An example of such a case funded by this subscription is from 1756, Alexander, Duke of Gordon, versus Donald MacPherson. The Duke of Gordon looking to break a wadset rental agreement looked for a technicality. He had stipulated that rental be paid in gold, but had been paid in banknotes, which he claimed was contrary to the agreement. This judgement established case law that banknotes was legal tender and saved these MacPhersons from being evicted.

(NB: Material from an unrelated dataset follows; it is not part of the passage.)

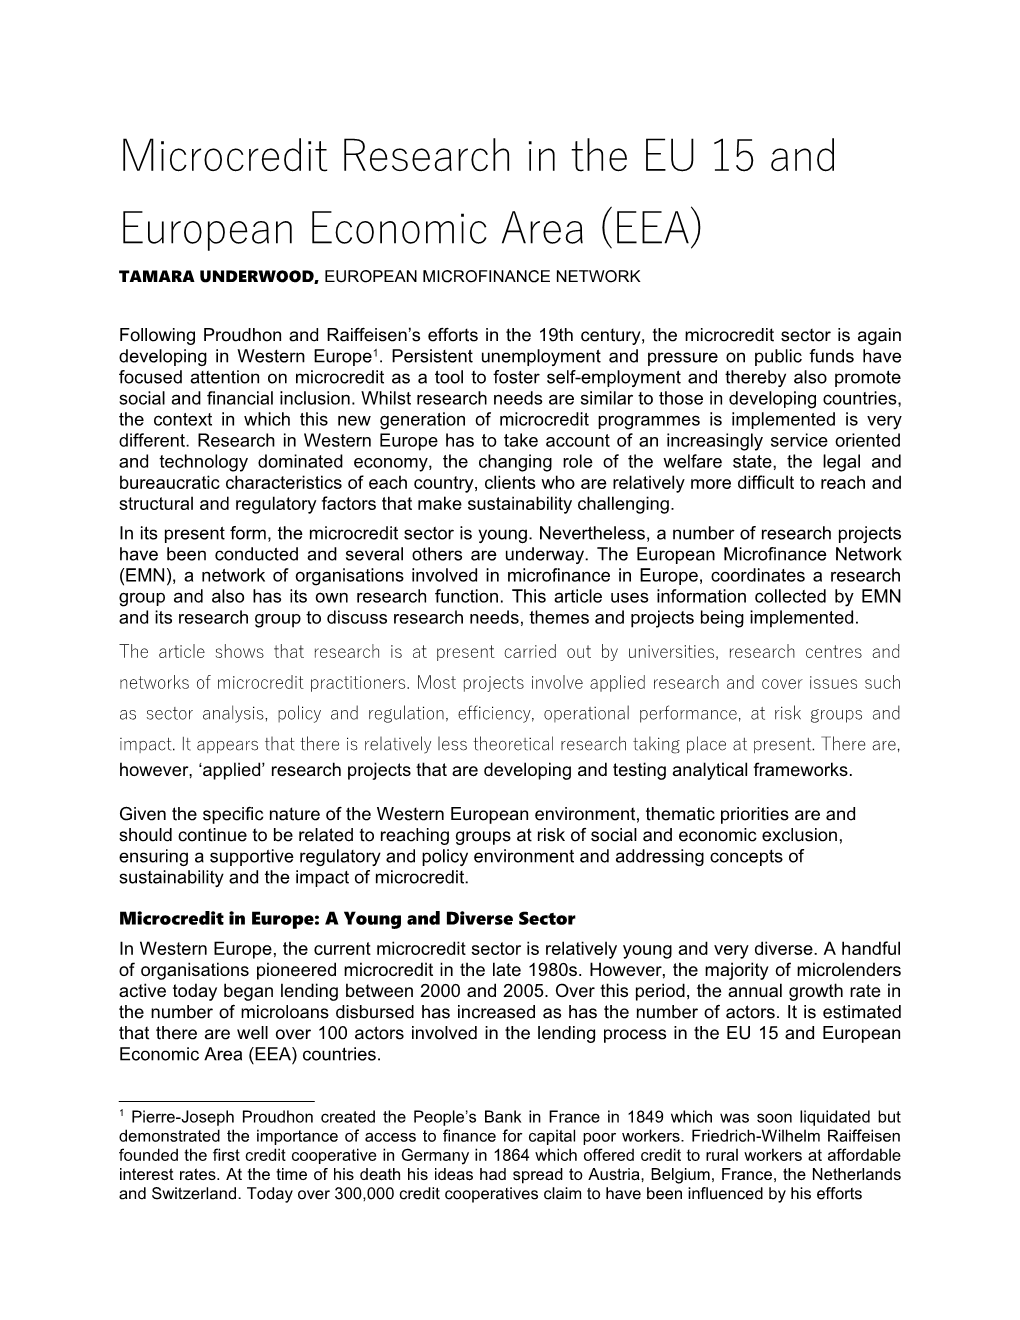 Microcredit Research in the EU 15 and European Economic Area (EEA)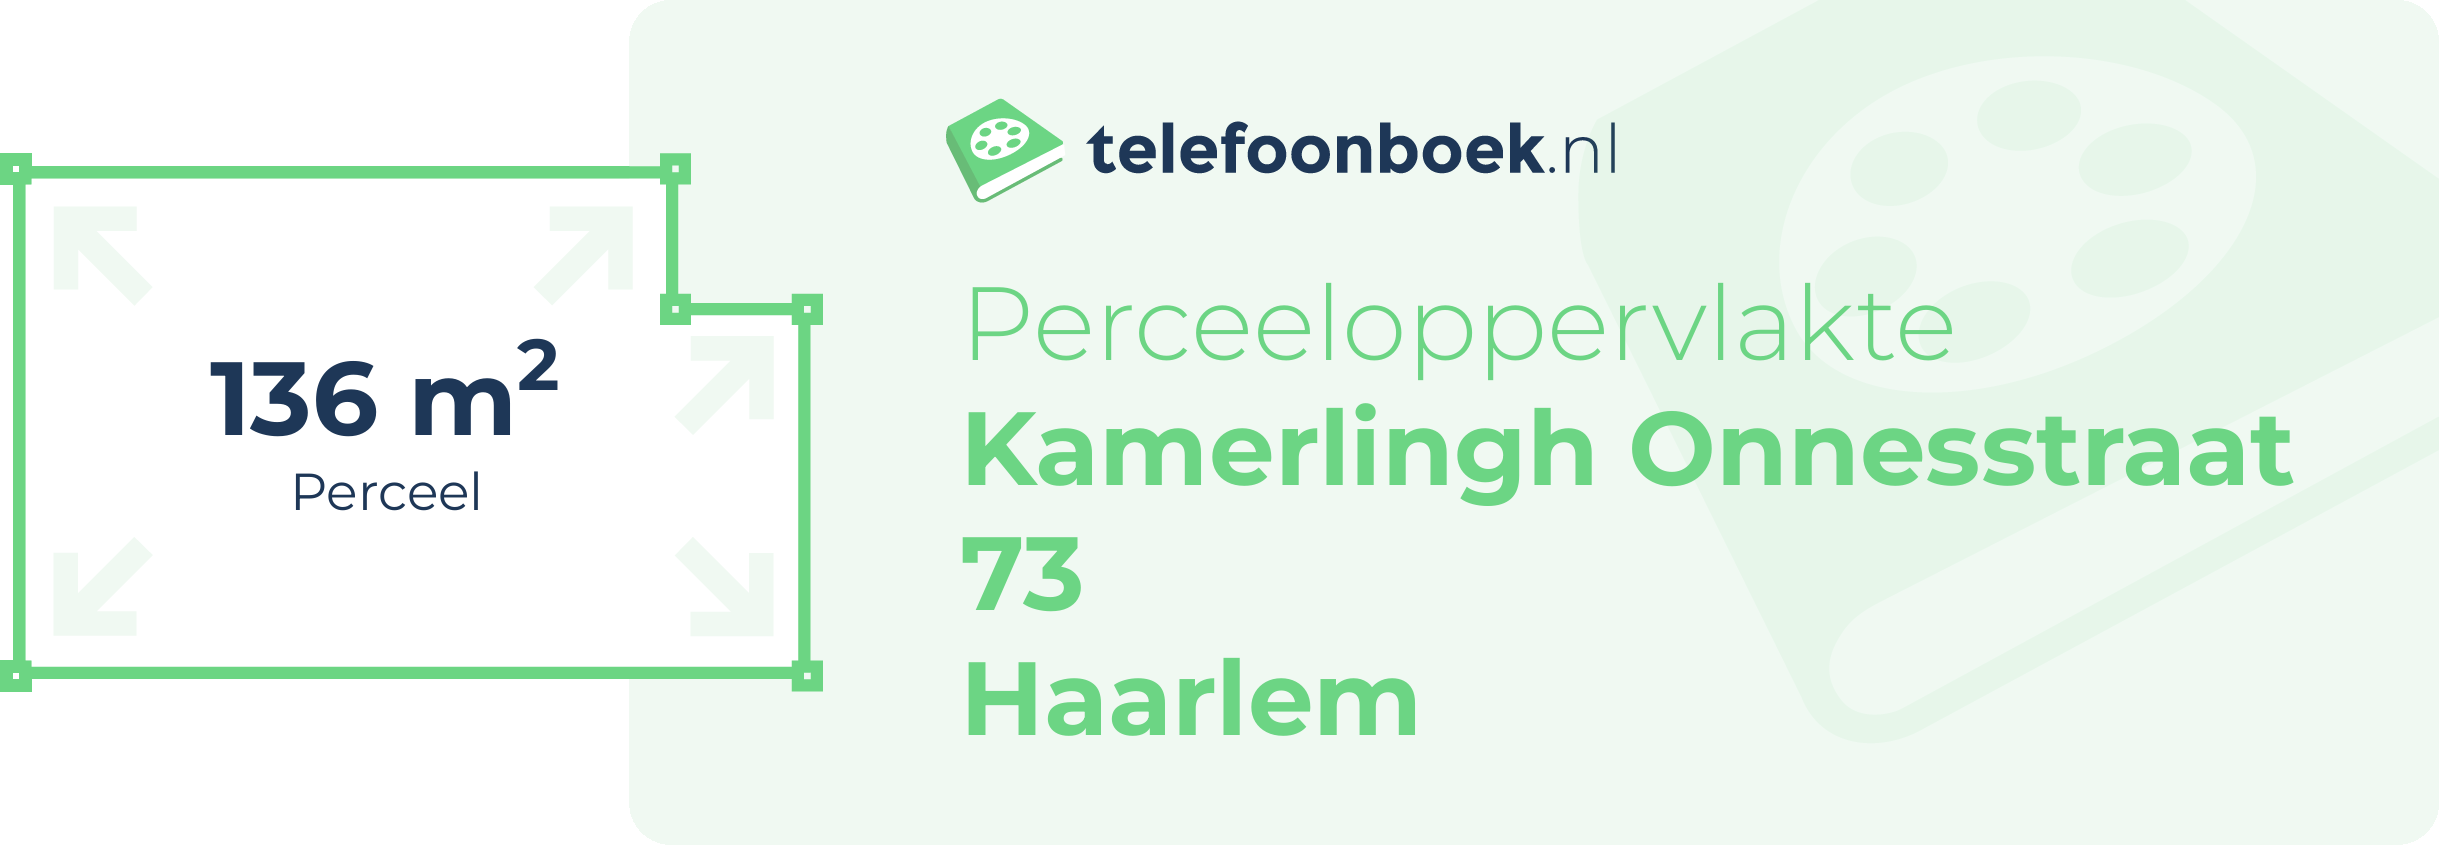 Perceeloppervlakte Kamerlingh Onnesstraat 73 Haarlem

===1756 Band of Union (Deed of Consent)===
The MacBeans of Faillie ventured into land holdings but had developed a huge debt. As the MacBean's estate was not enough to pay off the debt, these lands fell under control of the court. The whole debt, with interests and costs, then fell onto the wider Clan Chattan. The burden, however, was still too heavy, and the estate was of little use to the MacBeans after 1744.

Post Culloden, the lands around Loch Laggan and the wider Badenoch region historically held by the Macphersons of Cluny also faced permanent forfeiture and hostile state redistribution.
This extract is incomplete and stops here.